I harvested flowers and watched it weekly till one day I drove past and- it was gone. Mowed to the ground by the roadside mowers that move up and down the roadways midsummer. I was heartbroken, not only for my own intended harvest but for the plant itself. I’m sure that had not been part its plan. Each spring blossom a promise of fall conversations with the birds preparing their own bodies for the coming winter. I looked over the poor battered stumps that remained of those proud bountiful shoots.

This picture is from end of winter. I didn’t take any when it was mowed this summer, ’cause you know- nothing to see.

This was also the fate of a many other roadside specimens I had been tracking. When it came time for the berry harvest in the fall, my possible harvest plants had been reduced significantly.

I vowed to help if I could.

It wasn’t until last week I thought to go in for a closer look. I approached, chanting healing words under my breath, stepping carefully around the ragged remains of last summers massacre. I bent close and saw a joyous thing.


Tinny almost imperceptible green buds were growing under the grass and moss, right above the roots almost buried, as if afraid to make themselves known to the sun. Who can blame them?

I had an idea. The Elder protection and relocation program!

I would need some help, in the form of my stepsons (who still think I occasionally have good ideas and are usually willing to lend me a hand.) We approached the owner of the property and asked permission to take some of the remaining roots. He graciously agreed, and a few minutes later we had a bag full of potential.

I wrote a poem about ‘hope’ the other day and I found a new definition in my sink as I washed the sodium chloride off these twisted beings. From the base of each was a new start. A small fragile thing, hoping to be more than it is now. Fighting for the smallest chance to grow big and strong. To lift fans of glorious leaves to the sun; flower, and tempt the birds into telling summer stories with fall berries .

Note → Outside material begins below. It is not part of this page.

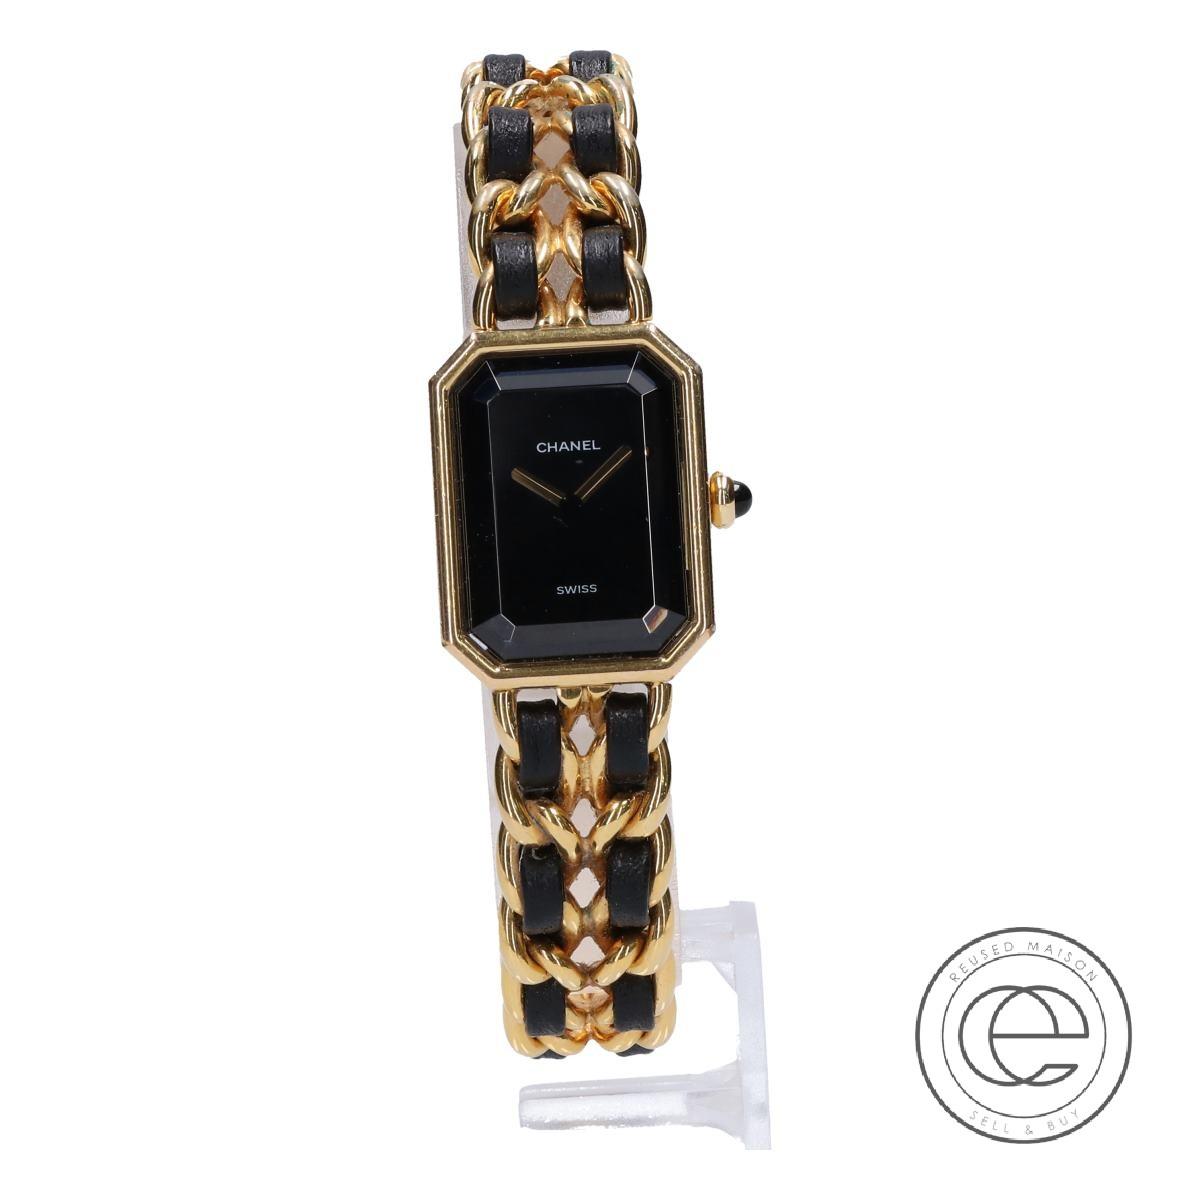 CHANELシャネル プルミエール XL GP×レザー クオーツ 腕時計 ゴールド×ブラック レディース 【中古】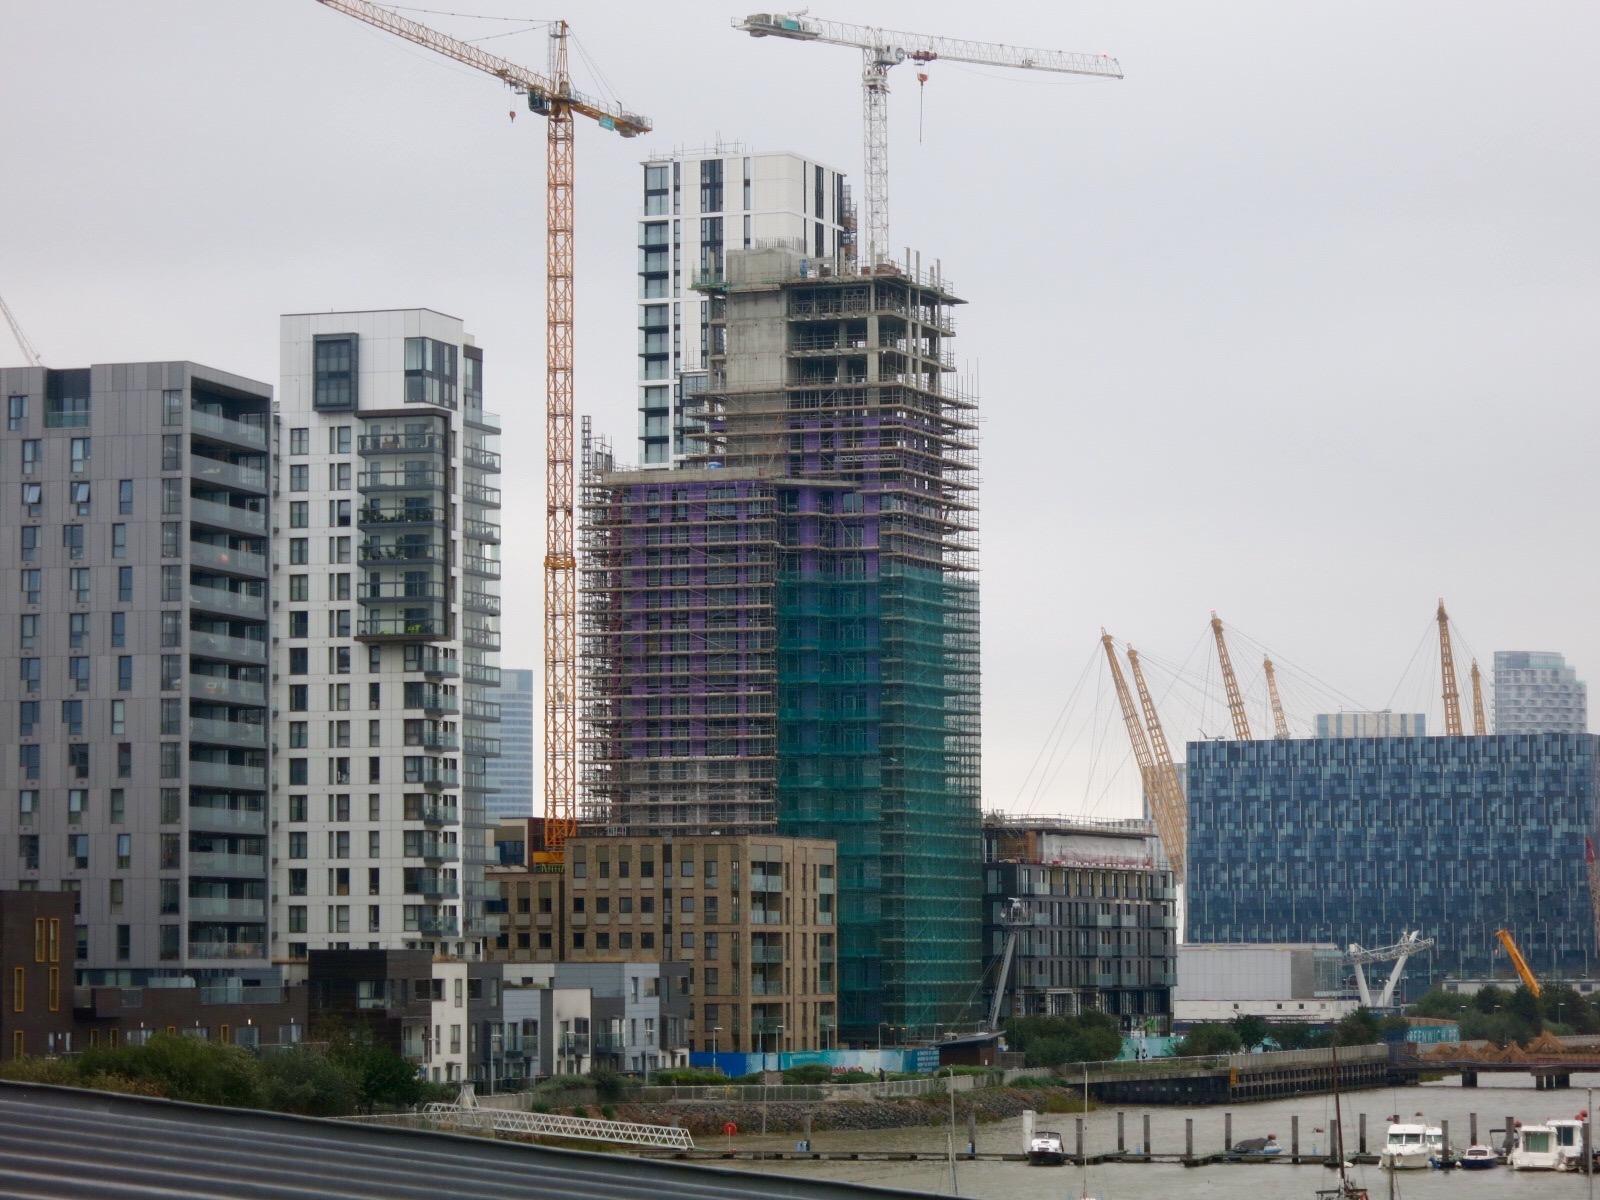 Construction progress - The Lighterman viewed from Greenwich Yacht Club - September 2016 [greenpen.london]

In these fear-filled times it is hard to find things that are pure, undisputed signs of progress. It is one of the reasons I have not written much since PJ’s birth, the wounds of the world feel so big. What difference can I make? The answer was lit by cold springtime sun spilling over a tangle of muddy roots, a sink full of riches.

There is a old allegory about a conversation between a boy throwing starfish back into the sea and an old man watching him.

The old man replied, “But there must be tens of thousands of starfish on this beach. I’m afraid you won’t really be able to make much of a difference.”

The boy bent down, picked up yet another starfish and threw it as far as he could into the ocean. Then he turned, smiled and said, “It made a difference to that one!”

adapted from The Star Thrower, by Loren Eiseley (1907 – 1977)

Our actions have consequences not just for ourselves but for the other beings we share this earth with. Living mindfully each day is very difficult and it often feels like a futile pursuit. Do it anyway.

I have a choice how I live this “one wild and precious life” (Mary Oliver) I choose to scour the hills and ditches looking for medicine, that I may propagate and spread it to others. It is not a pursuit that yields any instant reward; still, it is my act of defiance against the fear that nothing I do matters.

At worst; these Elders got to travel farther than their kind can on their own, and at best I will be able to give the gift of future healing to others. Animal, plant and earth. It is hope not only for this spring, but next fall and all the seasons after that.

It is worth the effort.

Be well my friends. Take care of one another, even if it’s just digging up muddy roots by the side of the road.